Certainly Wesley Smith is correct that nature has no rights. Only conscious and eventual conscious beings have rights. Only they have interests, rocks, trees, and bacteria, have no consciousness, and no interests, therefore no rights.
10.19.2012 | 8:06am
Jim says:
Scripture tell us, or implies to us, that we have a responsibility to be good stewards of God's gifts to us in the form of the world around us. This responsibility is difficult to write into law. Using anthropomorphism tools for animals and the environment by giving these resources some inalienable rights provides some good tools for stewardship. We don't seem to have a problem giving a business corporation, which is not an individual, individual rights in order to use the law as a tool of protection for the corporation.
10.19.2012 | 6:16pm
Gil says:
There are endless ways to reduce human beings to being less than the image and likeness of God, but reducing us to being no more or less than what constitutes other life forms seems to be the perennial favorite, but of course the exponents of this tactic are now opting for what they view as a more positive spin, declaring all life forms equal to human life. "Equality" becomes the new tyranny and the easiest assault on the human person.
10.19.2012 | 10:33pm
Alan says:
To ascribe rights to inanimate things, such as rivers, makes no sense if one takes such things literally.
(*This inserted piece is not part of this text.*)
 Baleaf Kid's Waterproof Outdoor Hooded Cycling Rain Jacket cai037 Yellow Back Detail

But one must ask why such guarantees were established. They were designed to ensure that the environment that supports and nourishes human beings is given proper consideration in the development of governmental policy. In that sense, they are similar to "environmental impact statements" that are required before the federal government undertakes activities. Rights terminology is the coin of the realm in the current day, so that language is what is used, but the idea behind it makes perfectly good sense.
10.20.2012 | 10:06am
David Layman says:
Mr. Lythgoe:

The real reason the apparent contradiction emerges is that Mr. Smith, and those who share his views, are trying to buttress human uniqueness using *reason* rather than *revelation*. The only reason I can see to affirm that humans are unique (which I DO affirm) is because God has, Christians believe, incarnated himself in Jesus Christ. Human nature, having been "assumed" by the Divine Word, is now forever sanctified.

This Christian revelation is anticipated in dignity of the poor and slave in the Hebrew revelation, because Yhwh--who Christians affirm to also be the Father of Jesus Christ--brought the Israelites out of slavery.)
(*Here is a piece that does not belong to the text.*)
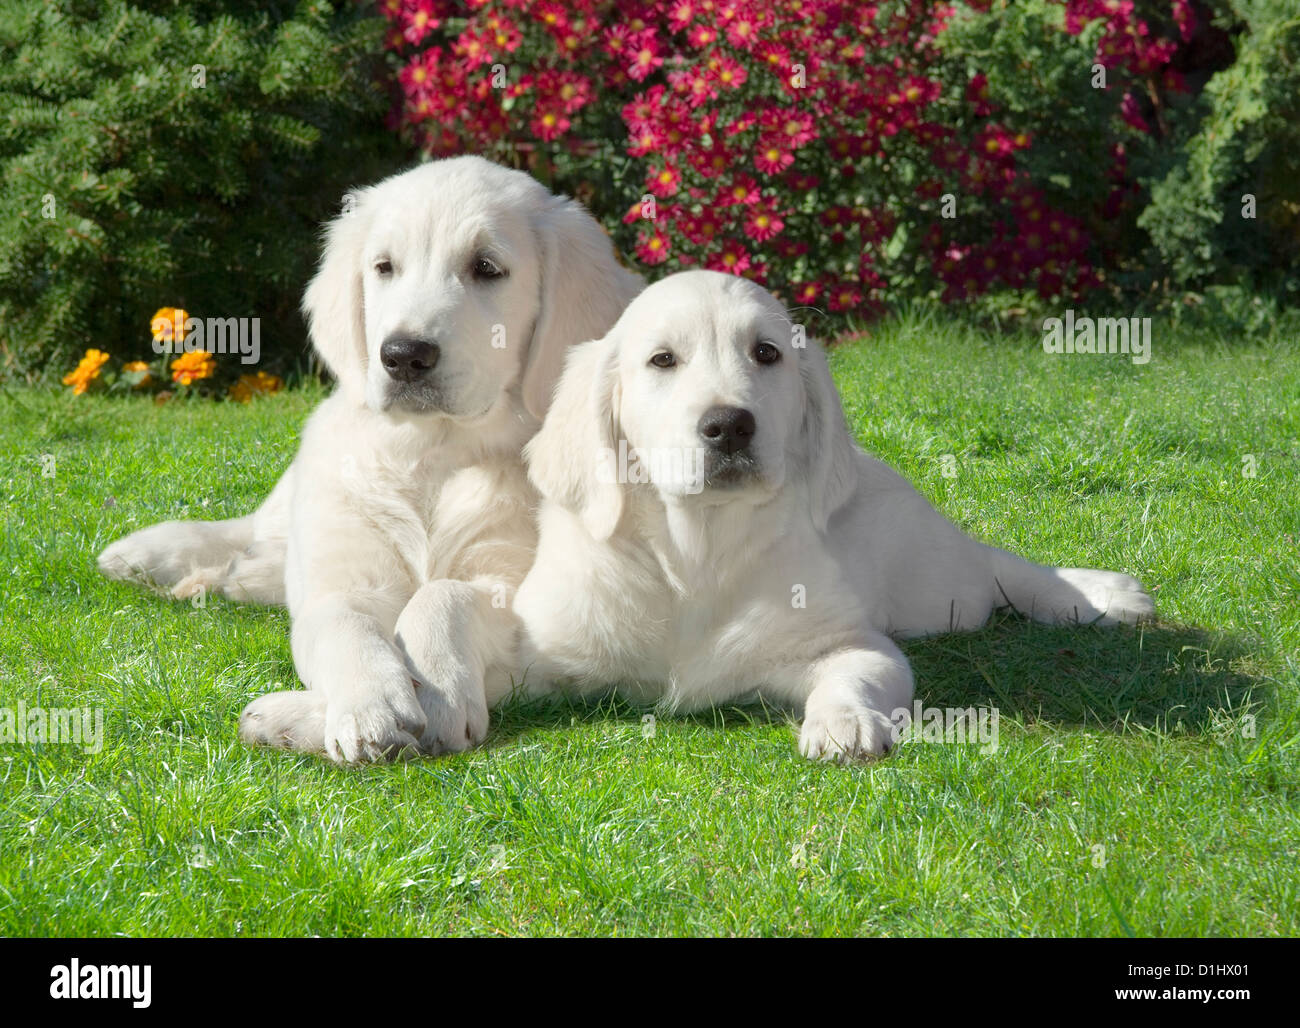 Two Golden Retriever dogs in the garden Stock Photo

Without revelation, one must attempt to ground dignity in some abstract philosophical principles, which inevitably founder in the antinomies of human reason. You observe one such contradiction: if dignity is grounded in moral agency, then how does a sleeping person have such dignity? All the logical effort in the world can only produce possible answers. Only revelation--the voice of a transcendental power or truth--can manifest to me MY dignity, a dignity bestowed upon me by that voice.

BTW, if you believe that extending "human rights" to animals will NOT have adverse consequences on the former, then you need to pick a "contemporary moral issues" textbook.

God has spoken to us humans (if we listen and obey). He has NOT spoken to animals. That is why humans have dignity, and animals do not.
10.20.2012 | 12:29pm
Andrzej says:
@Bret Lythgoe

Human beings have rights in virtue of their nature, i.e. the type of being they are - rational and thus moral. The embryo, fetus, child, grandma Smith, persons in a comma etc have rights because they all share the same nature - is some more developed that in others. This nature (soul) is not reduced to the mind, but the organizing principle that makes a human a human being, not a cat or table.
10.22.2012 | 2:12pm
Greg Olsen says:
The scriptural concept of stewardship is completely compatible with the materialistic concept of negative externality from neoclassical economics. A negative externality is a cost imposed on someone who is not party to the economic transaction, that is, it is a market failure. Environmental and land use regulation is supposed to correct for the market failure in imposing the cost of the negative externality on the parties to the transaction. The idea of granting personhood is a poor legal basis on which to correct for a market failure.